INFORMATION SHOWN =
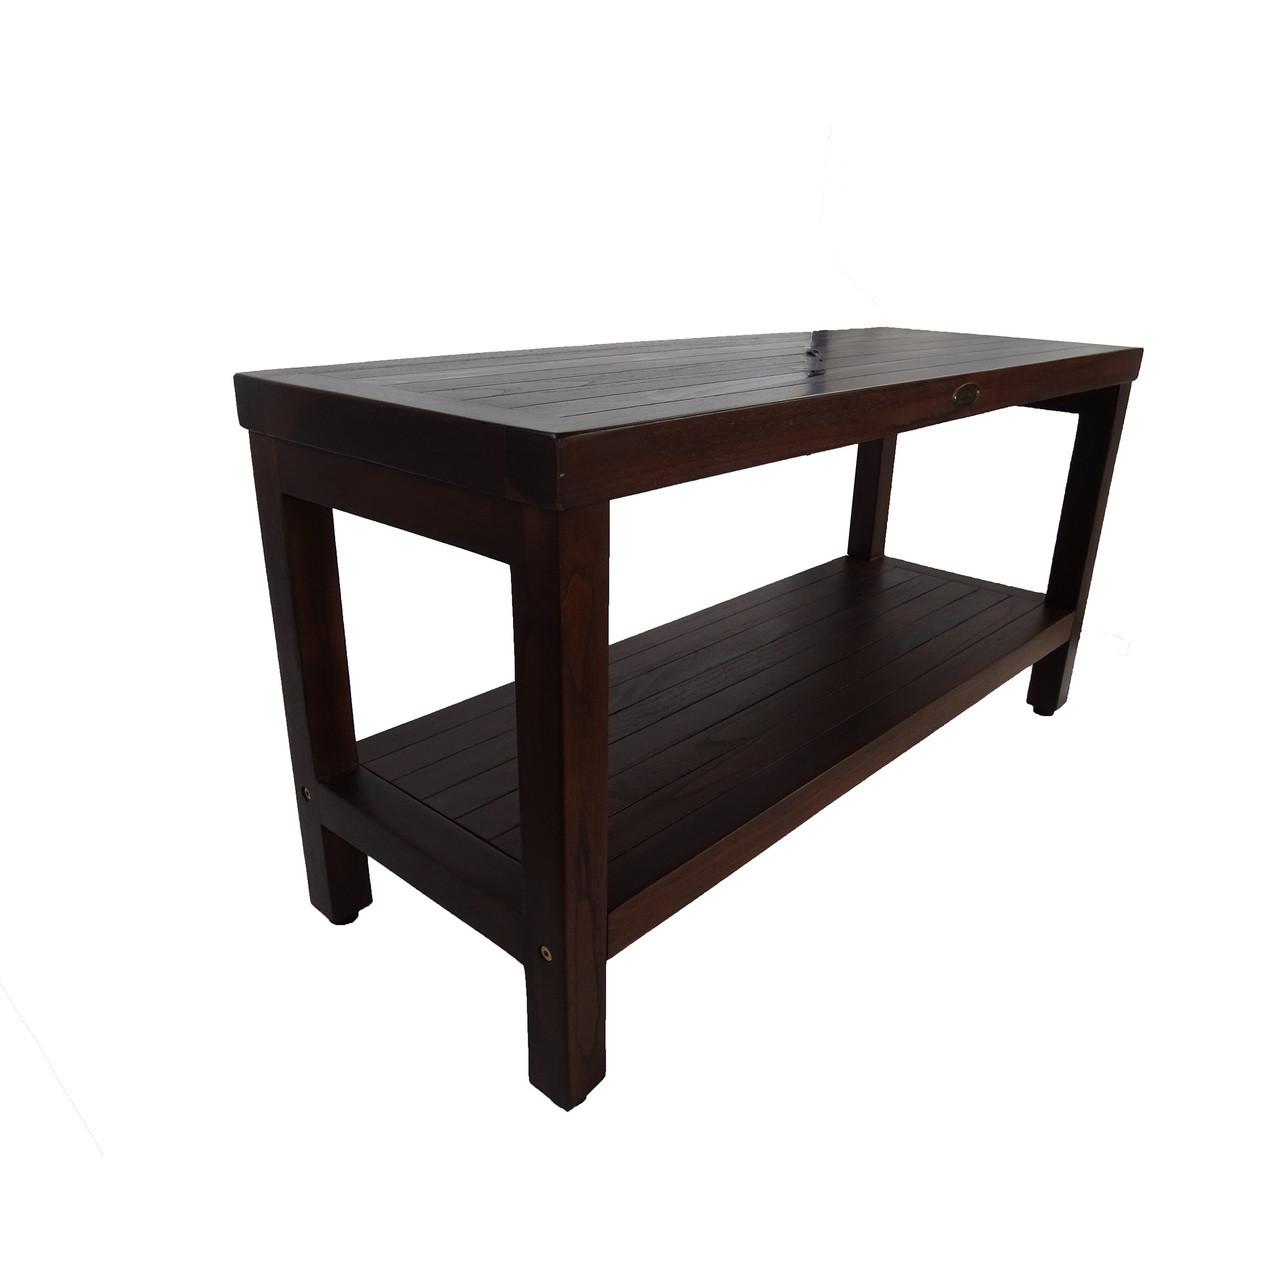 "DecoTeak Eleganto 36"" Teak Wood Shower Bench with Shelf in Woodland Brown Finish"
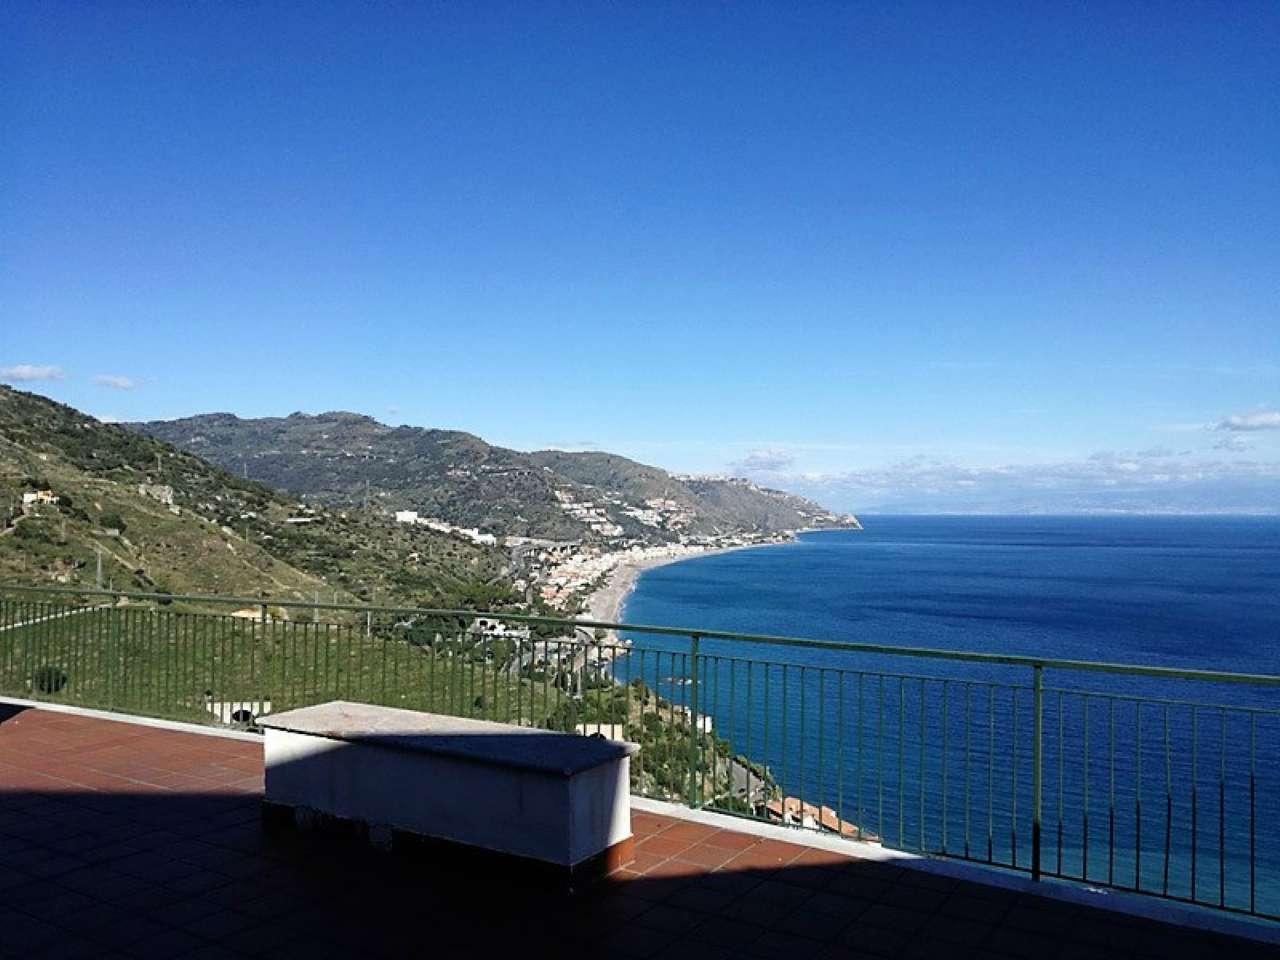 Appartamento in vendita a Taormina, 9999 locali, Trattative riservate | CambioCasa.it
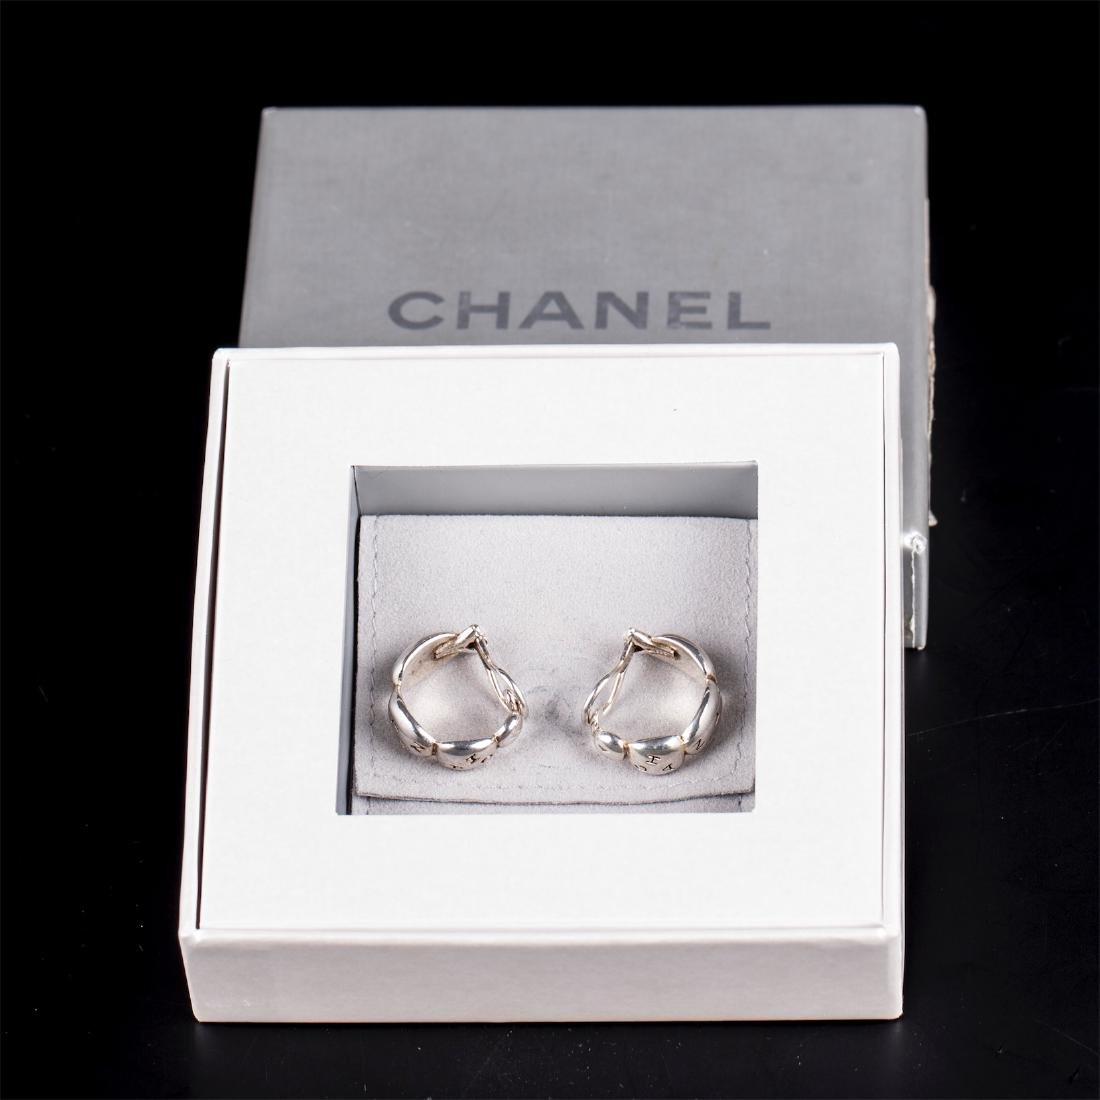 New Chanel silver earclips
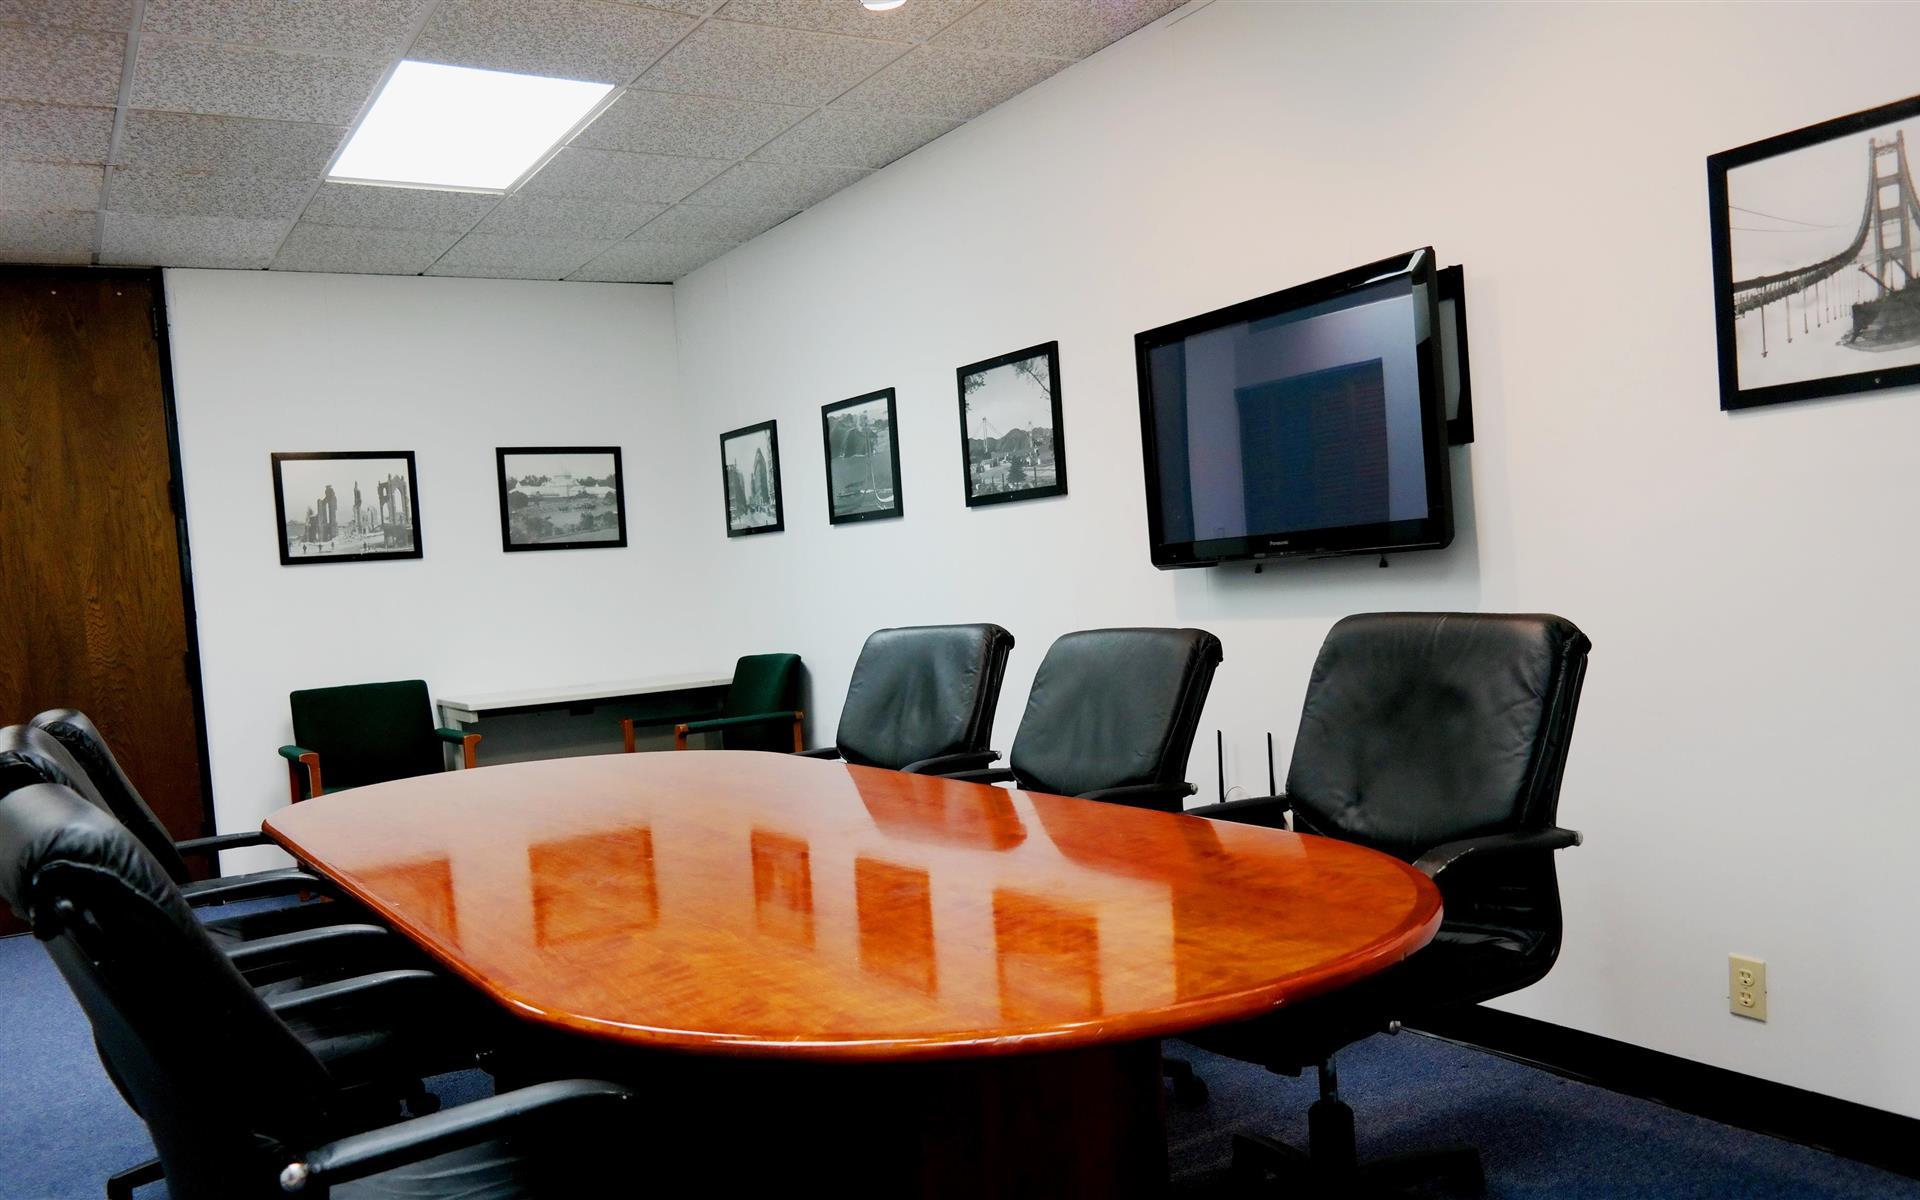 1 Hallidie Plaza - Office + Conference Room + kitchen

REQUIRED WORK =
The reply should contain all of the data above, word for word, with no pictures.

WRITTEN RESPONSE =
 "DecoTeak Eleganto 36"" Teak Wood Shower Bench with Shelf in Woodland Brown Finish"
 Appartamento in vendita a Taormina, 9999 locali, Trattative riservate | CambioCasa.it
 New Chanel silver earclips
 1 Hallidie Plaza - Office + Conference Room + kitchen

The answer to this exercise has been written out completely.